What the task requires is an exact printout of the listing below, pictures excluded.
START Collected material
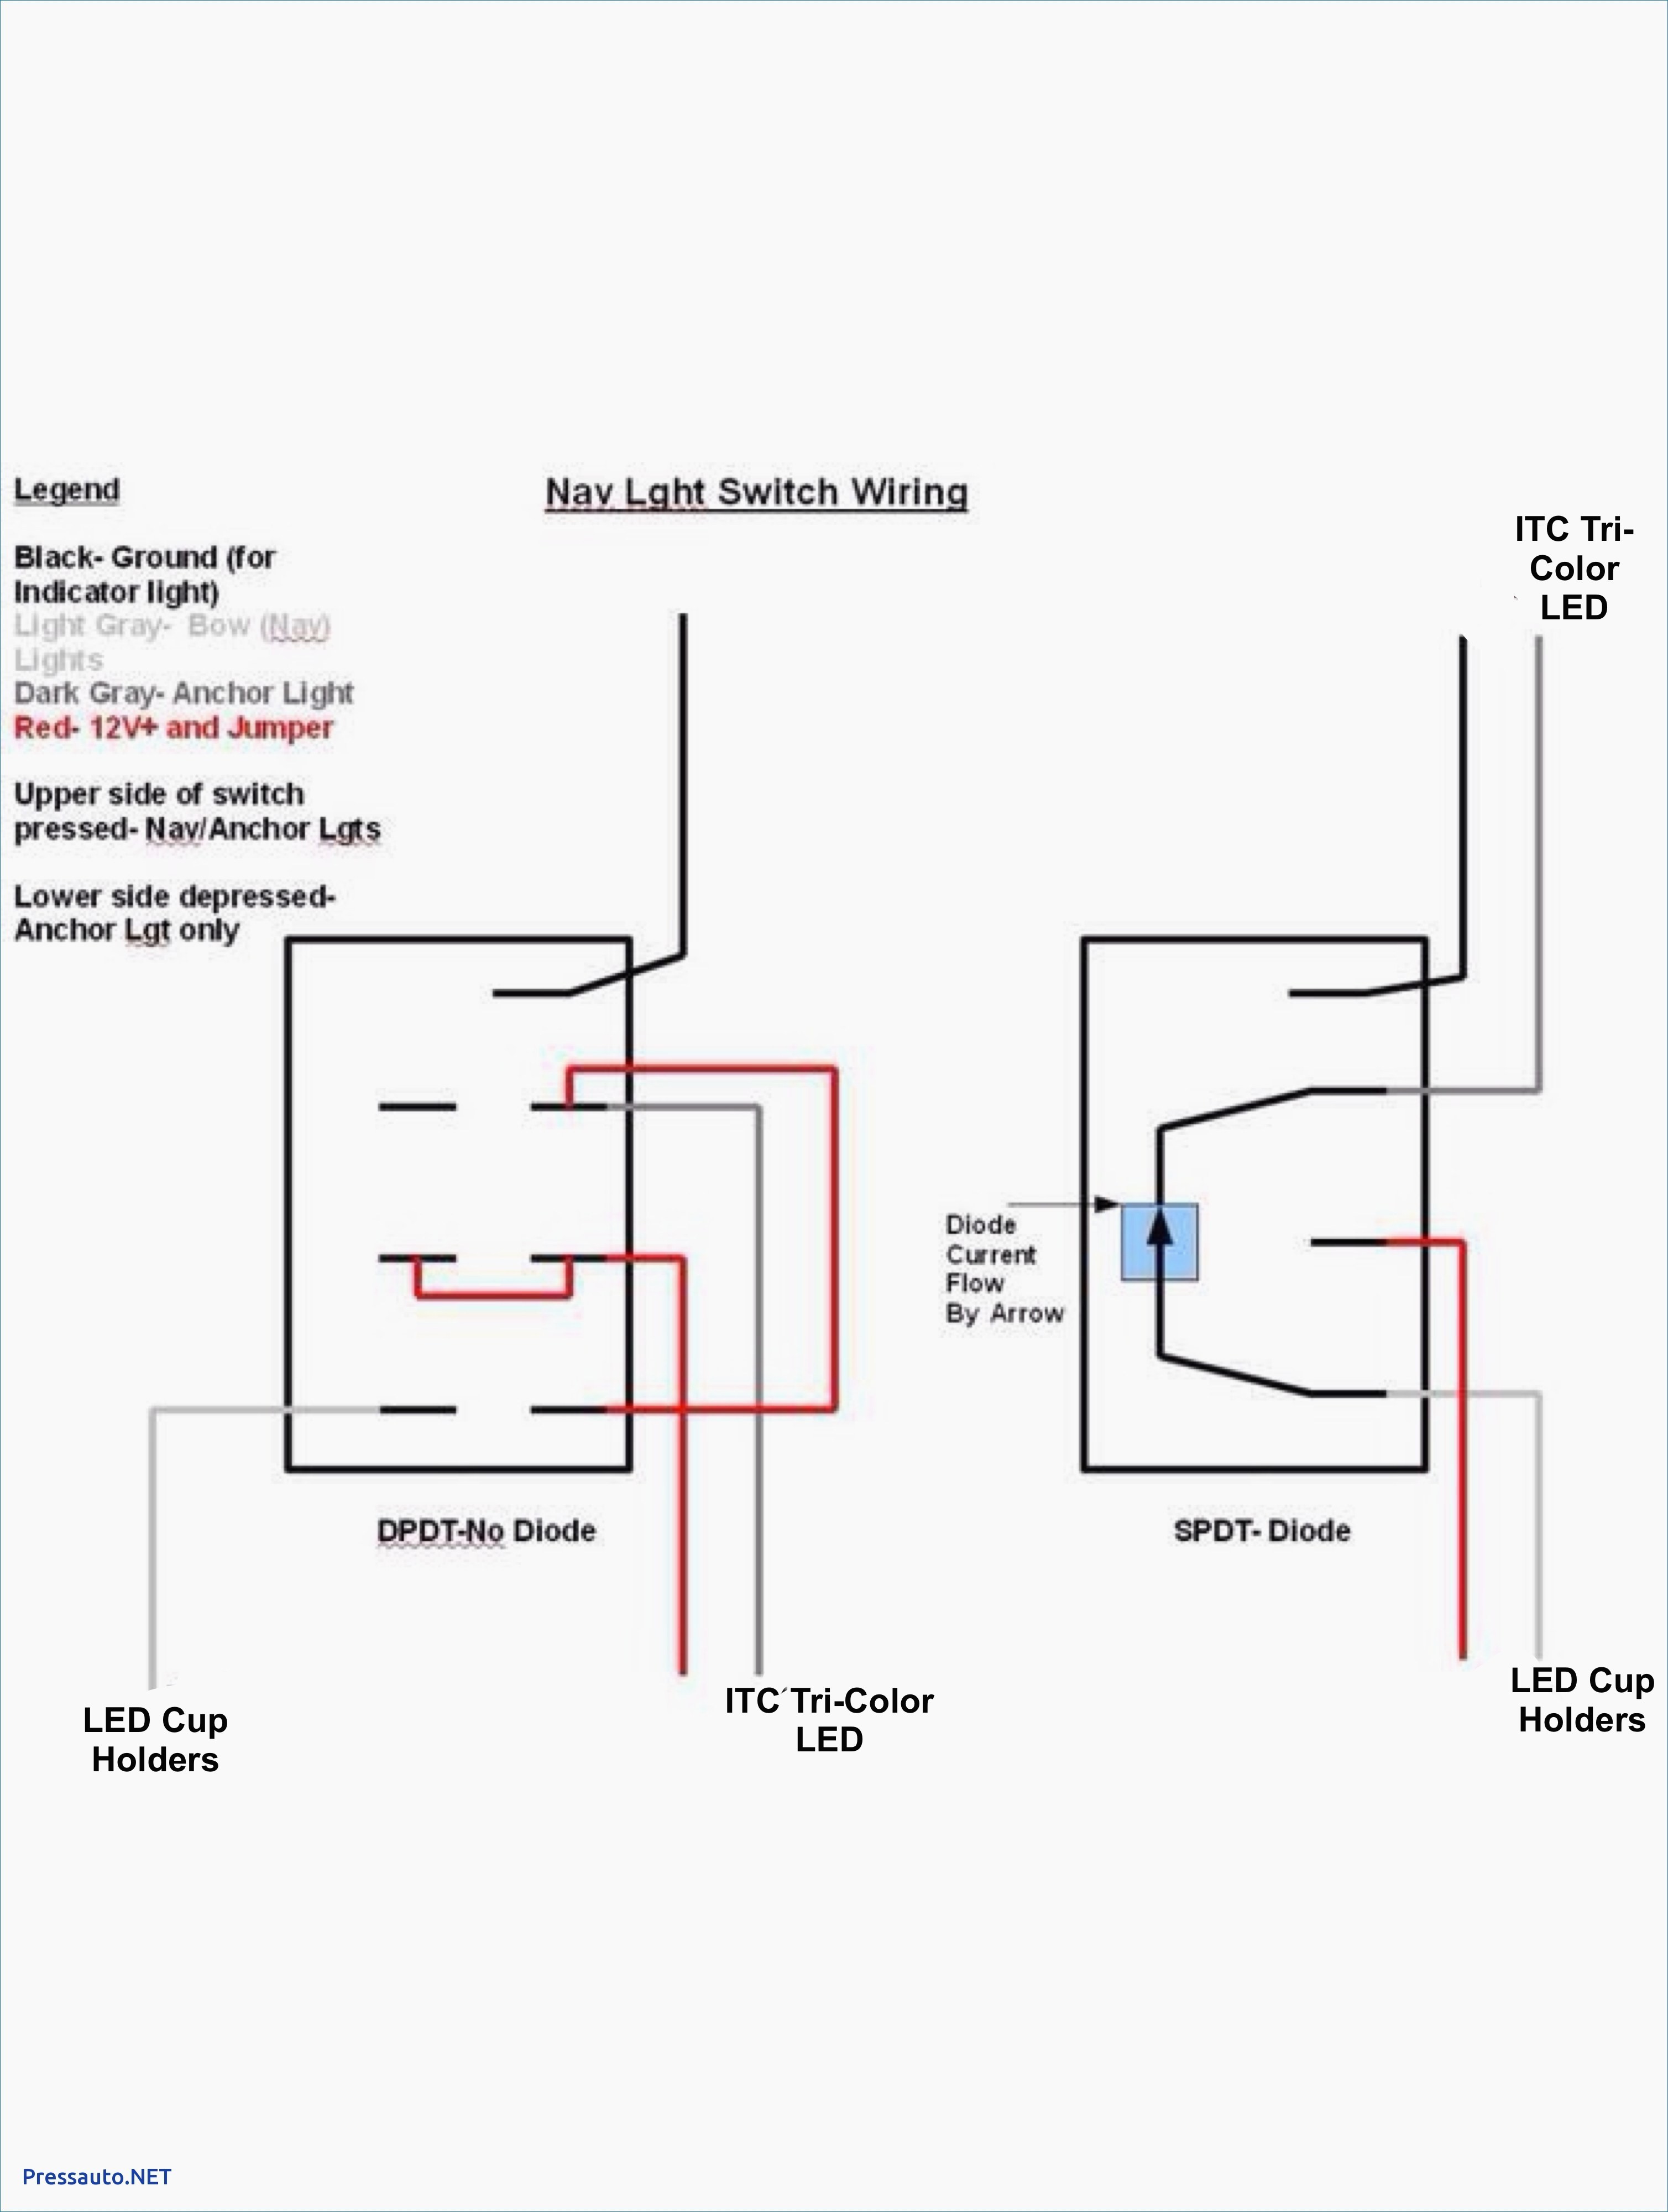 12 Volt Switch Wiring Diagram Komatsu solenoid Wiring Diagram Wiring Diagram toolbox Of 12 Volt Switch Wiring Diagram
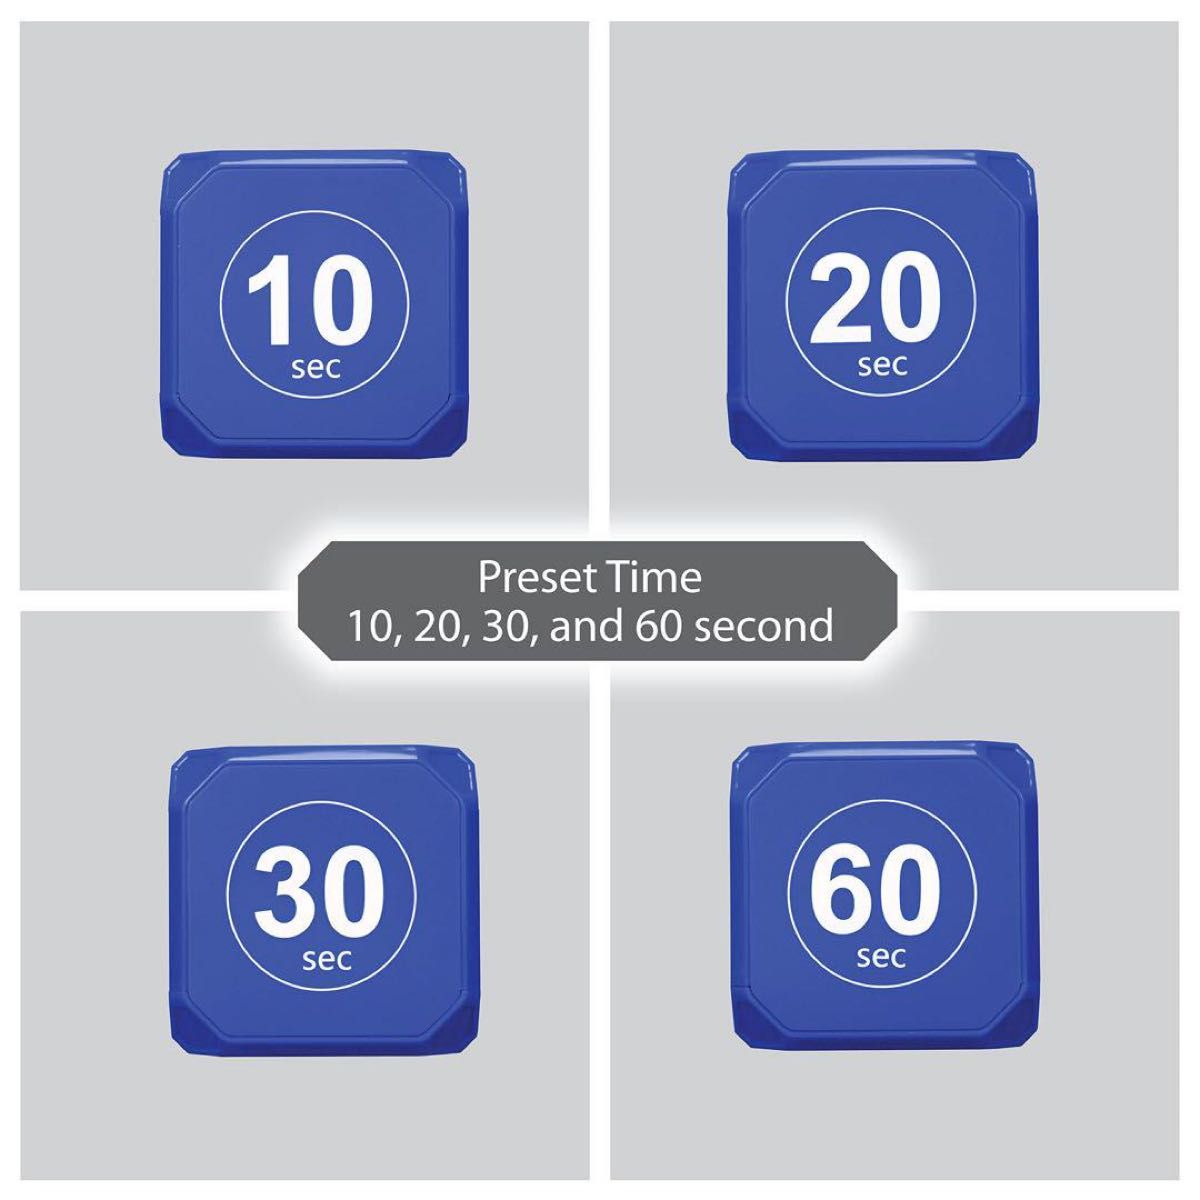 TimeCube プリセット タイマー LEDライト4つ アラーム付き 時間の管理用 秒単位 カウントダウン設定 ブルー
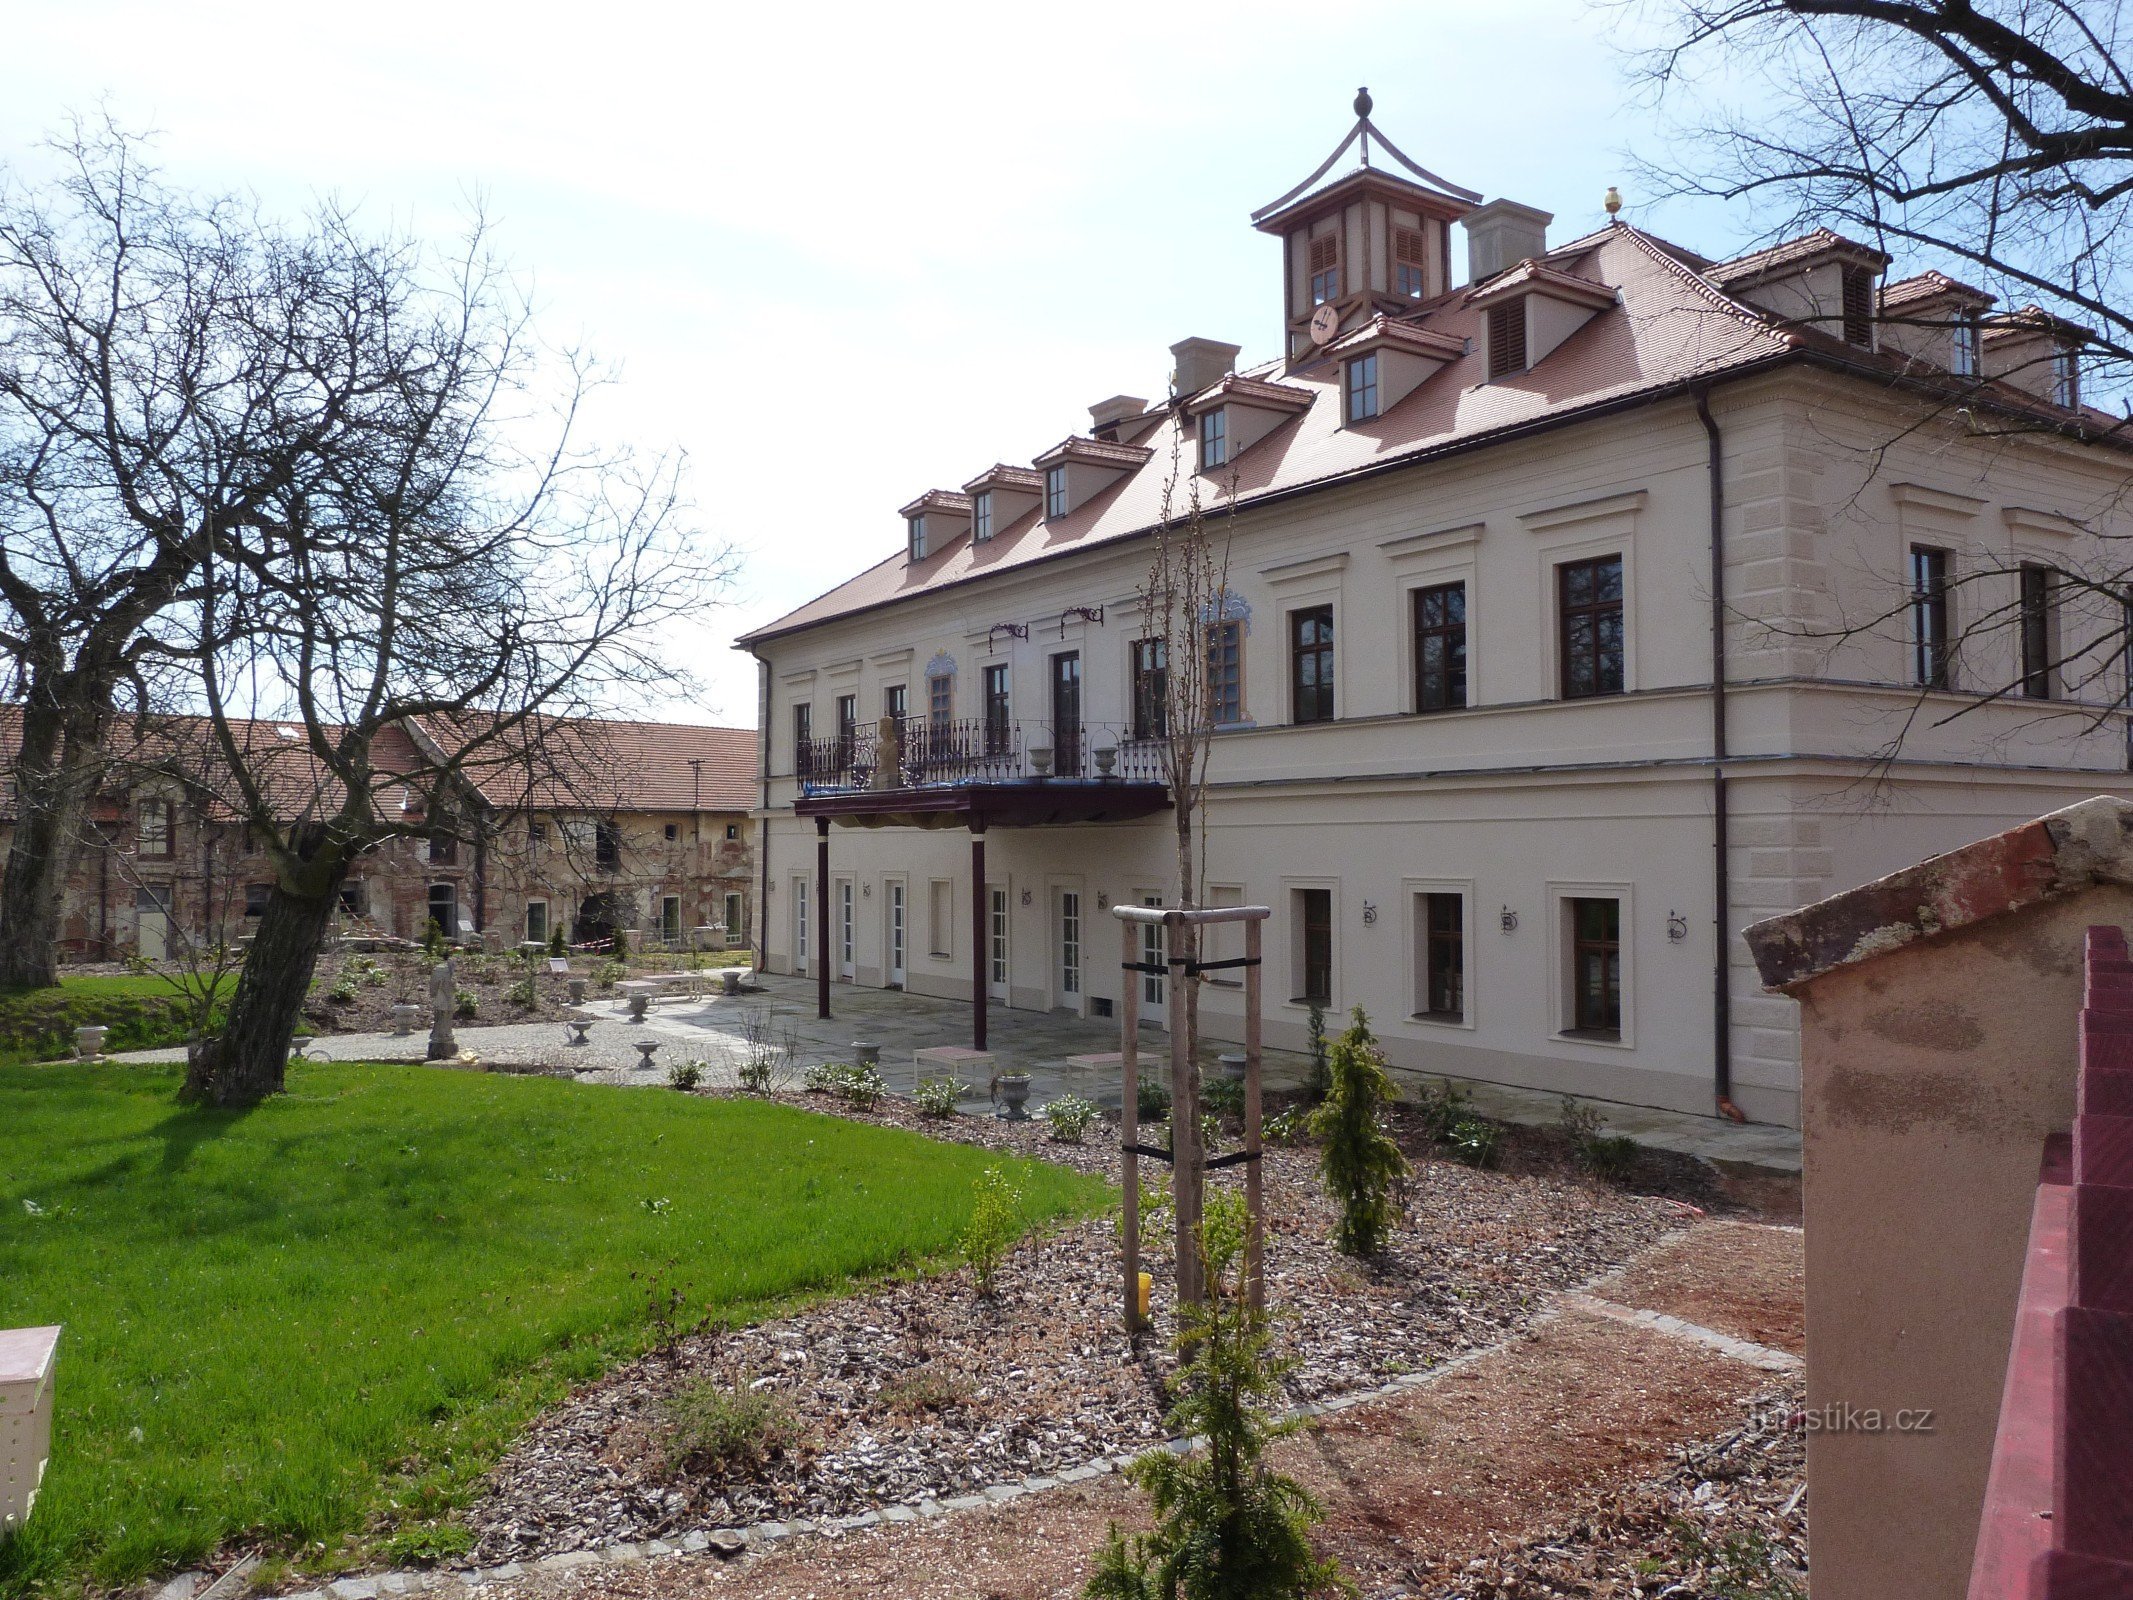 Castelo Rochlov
END Collected material
▸ Solved exercise
 12 Volt Switch Wiring Diagram Komatsu solenoid Wiring Diagram Wiring Diagram toolbox Of 12 Volt Switch Wiring Diagram
 TimeCube プリセット タイマー LEDライト4つ アラーム付き 時間の管理用 秒単位 カウントダウン設定 ブルー
 Castelo Rochlov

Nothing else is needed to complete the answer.